Problem to solve
Word for word, restate the lines from the one containing "[Frans Mensink] Kristina" through the last line of the material, and include no pictures.

Data
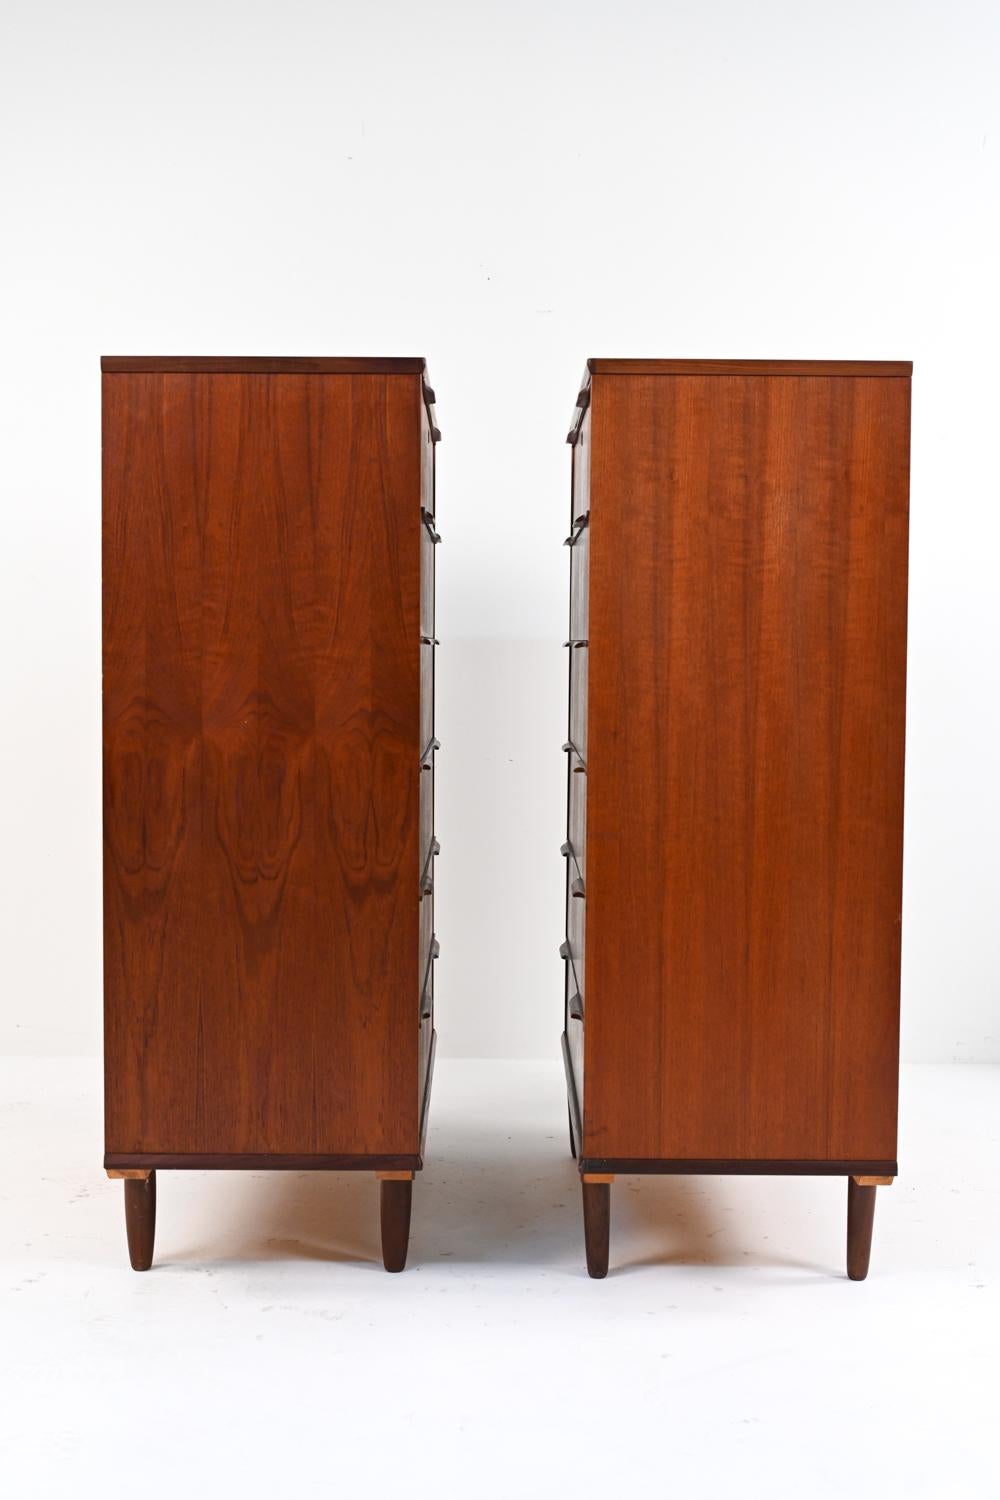 Pair of Danish Modern Teak Tallboy Dressers, c. 1960's For Sale 5
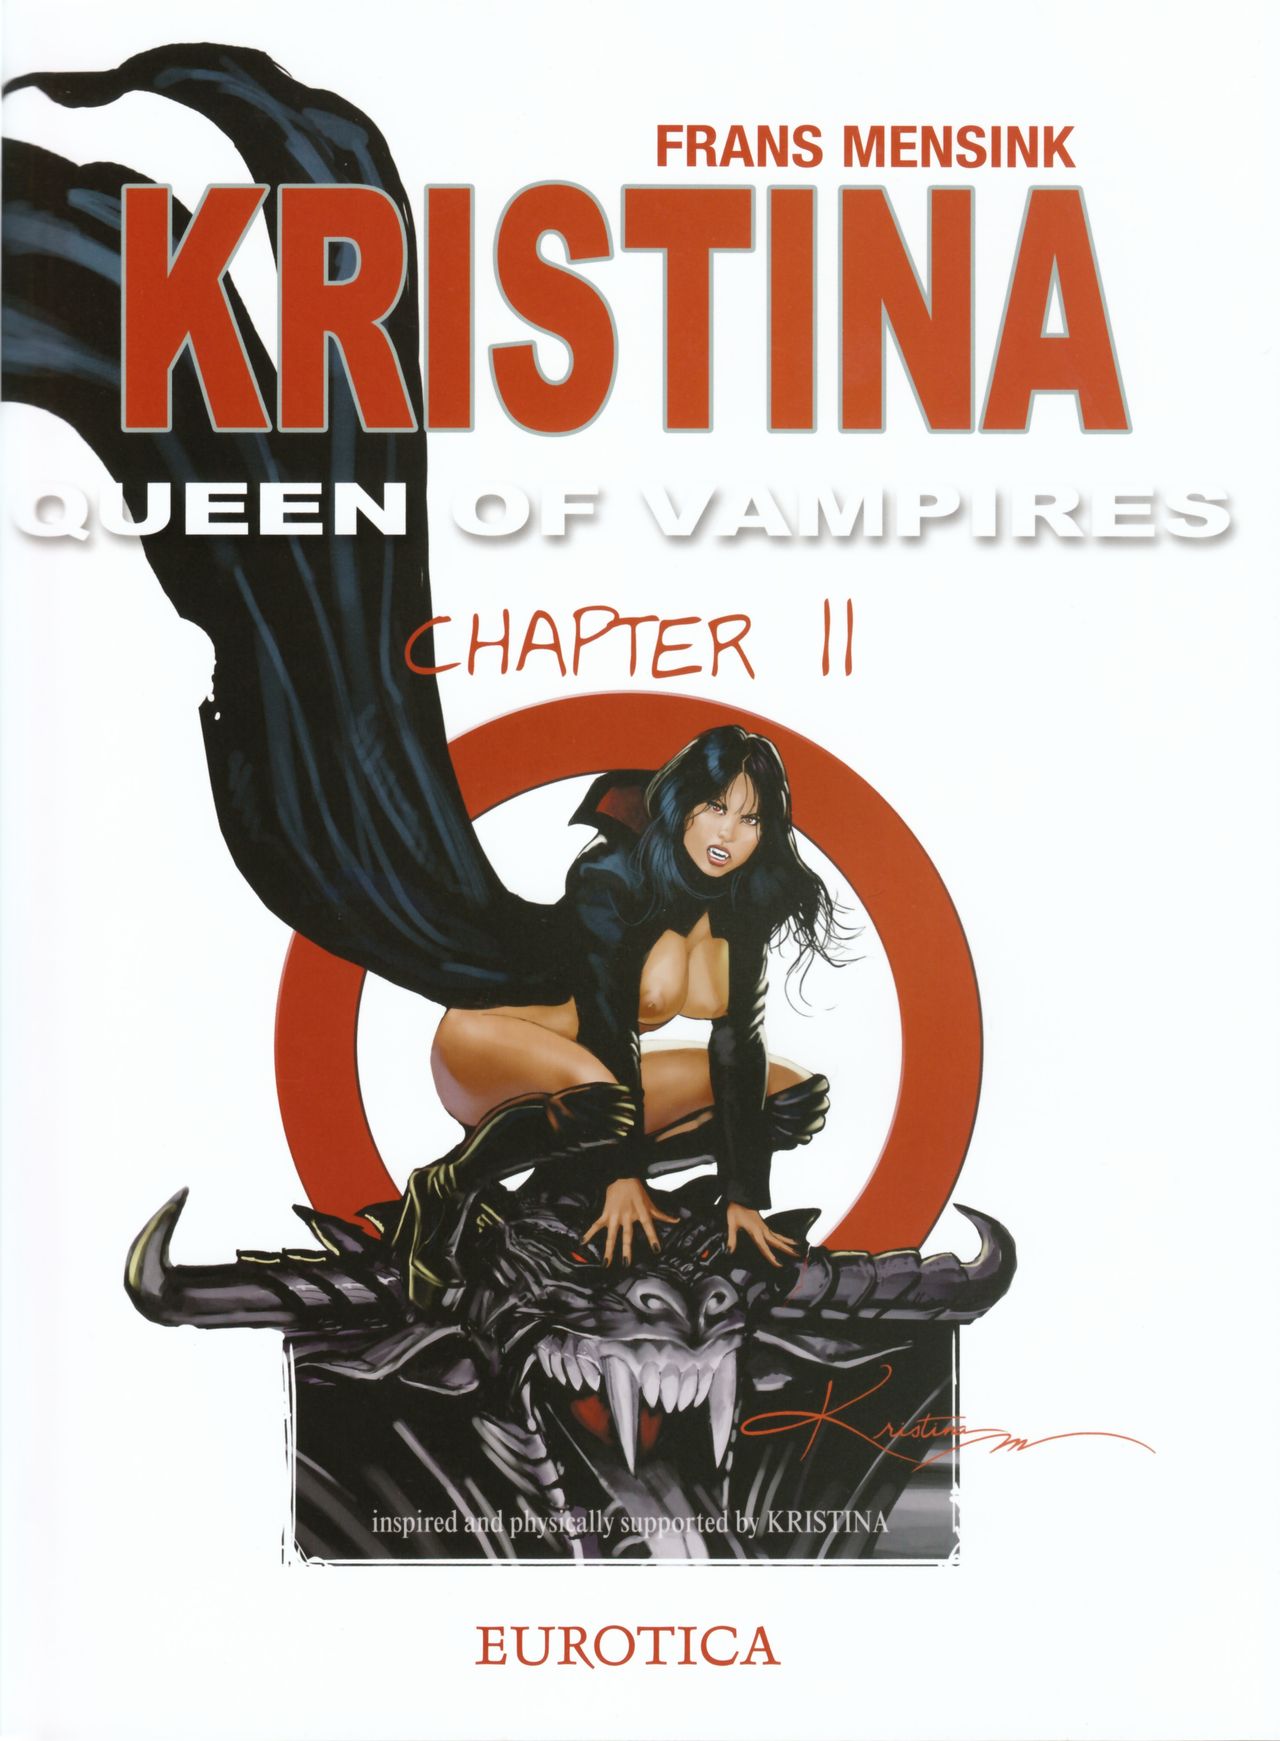 [Frans Mensink] Kristina Queen of Vampires - Chapter 2 [English] 
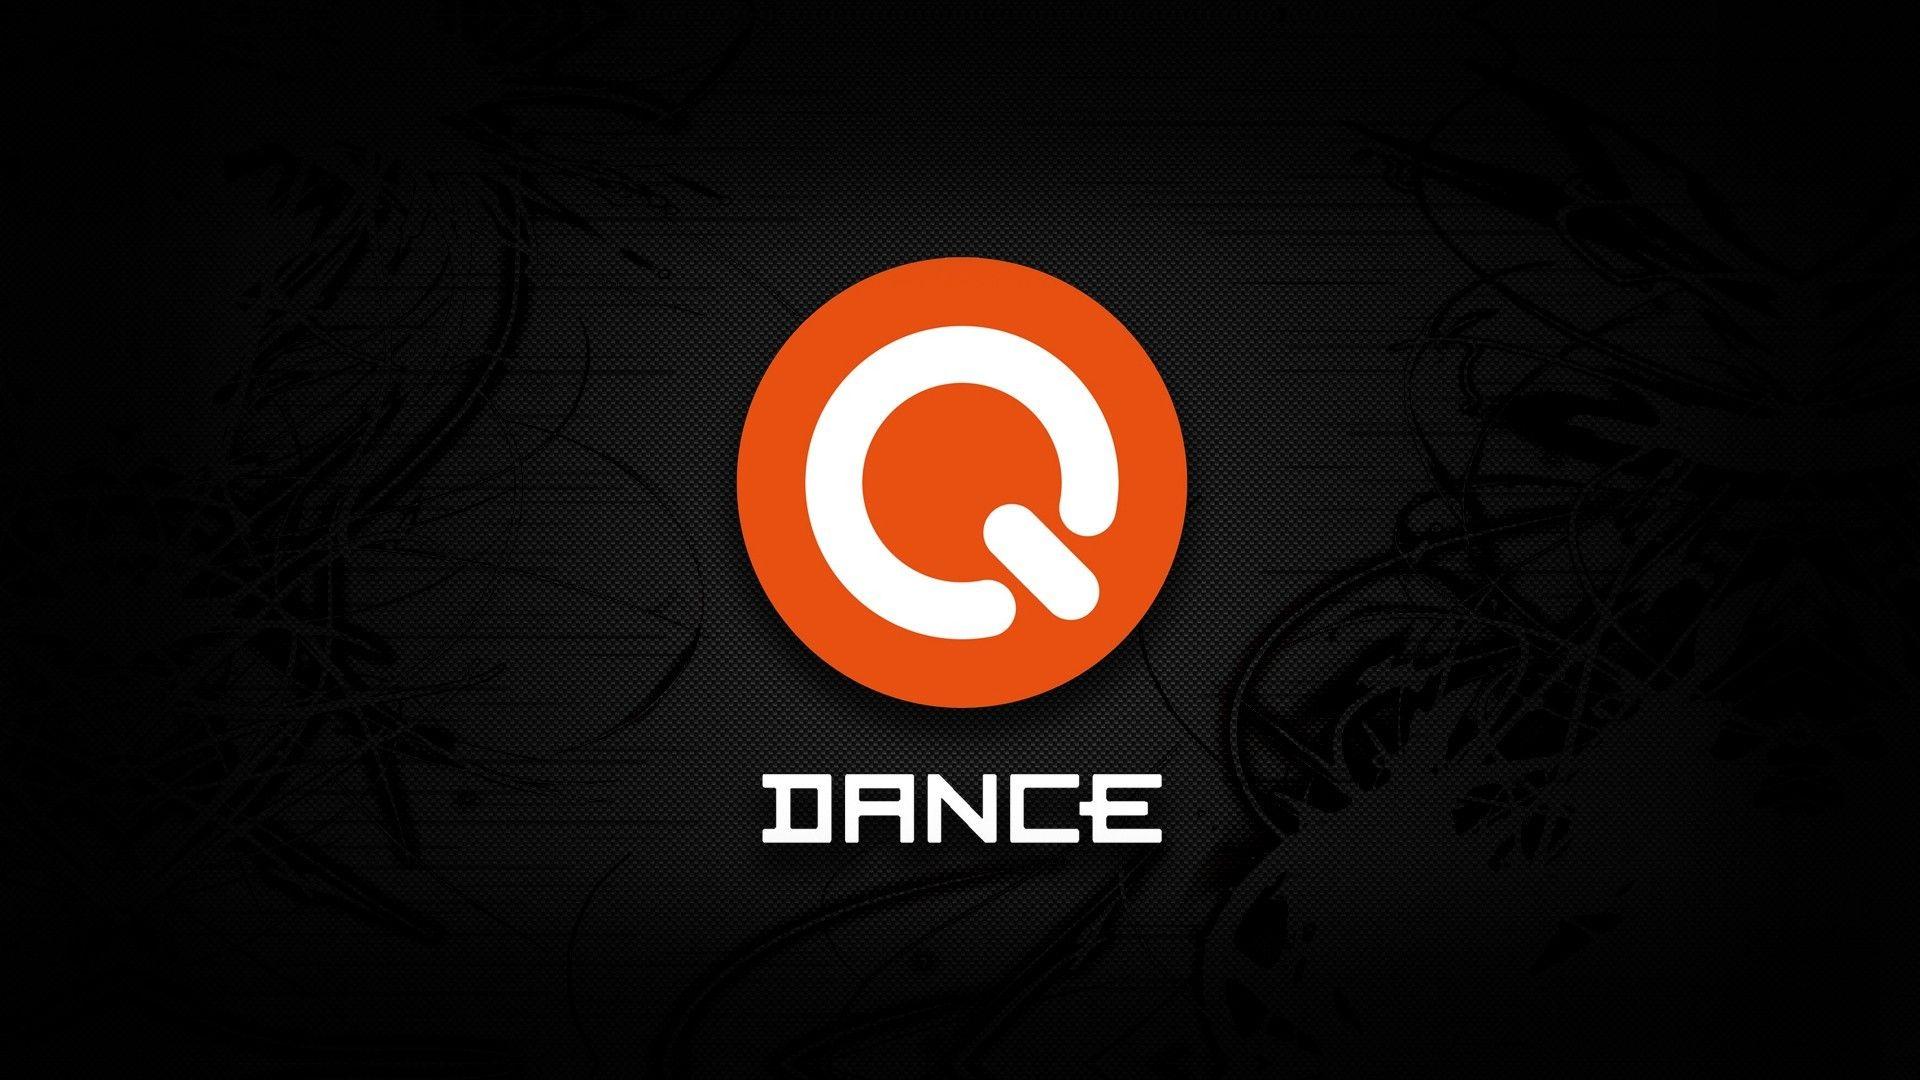 Q Dance Wallpaper. PC
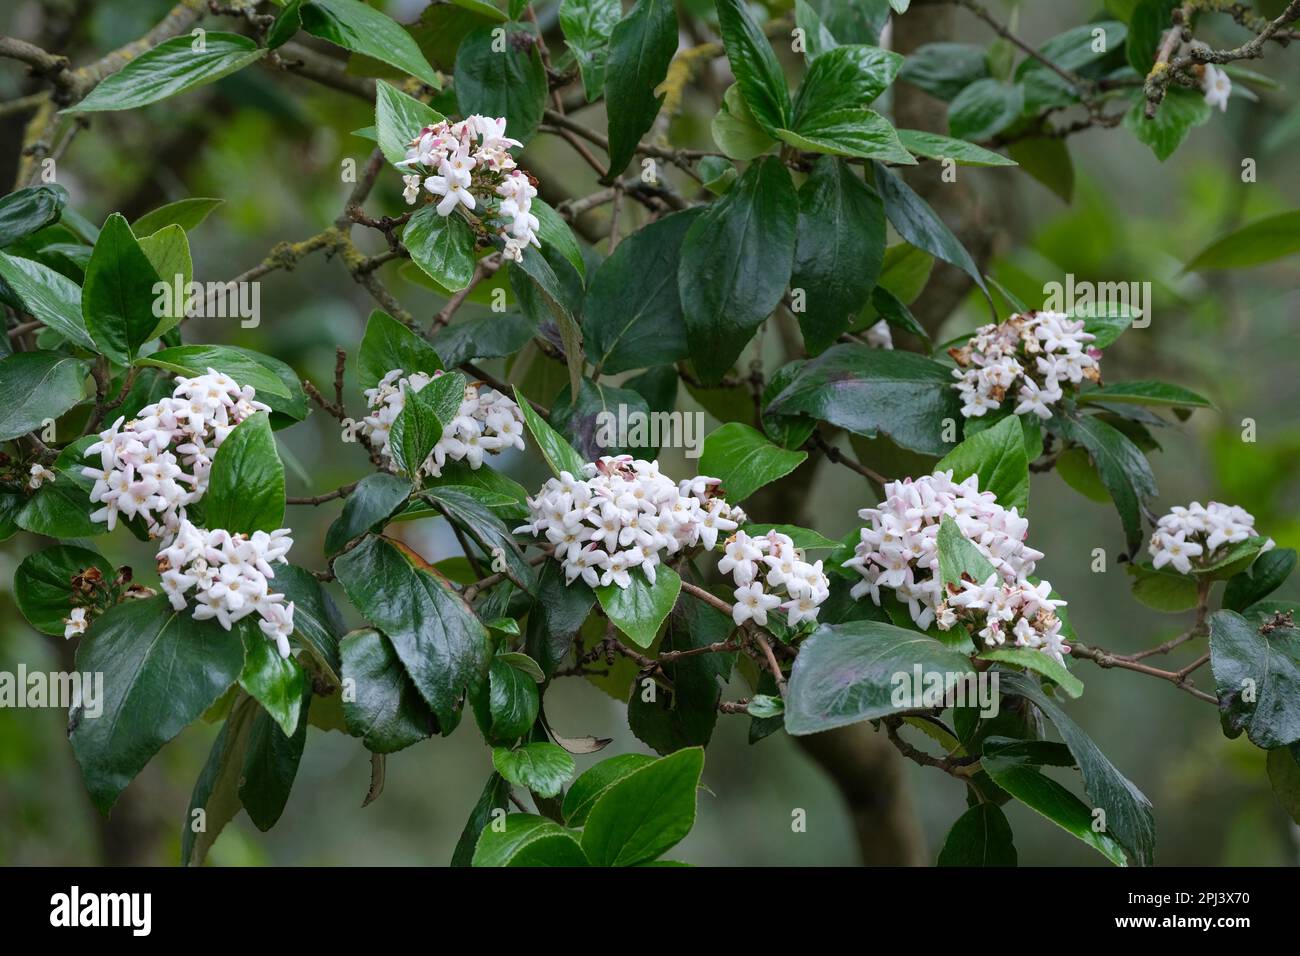 Viburnum burkwoodii Mohawk, arrowwood Mohawk, deciduous shrub flowers open white from red buds, Stock Photo

Result of the task
 [Frans Mensink] Kristina Queen of Vampires - Chapter 2 [English] 
 Q Dance Wallpaper. PC
 Viburnum burkwoodii Mohawk, arrowwood Mohawk, deciduous shrub flowers open white from red buds, Stock Photo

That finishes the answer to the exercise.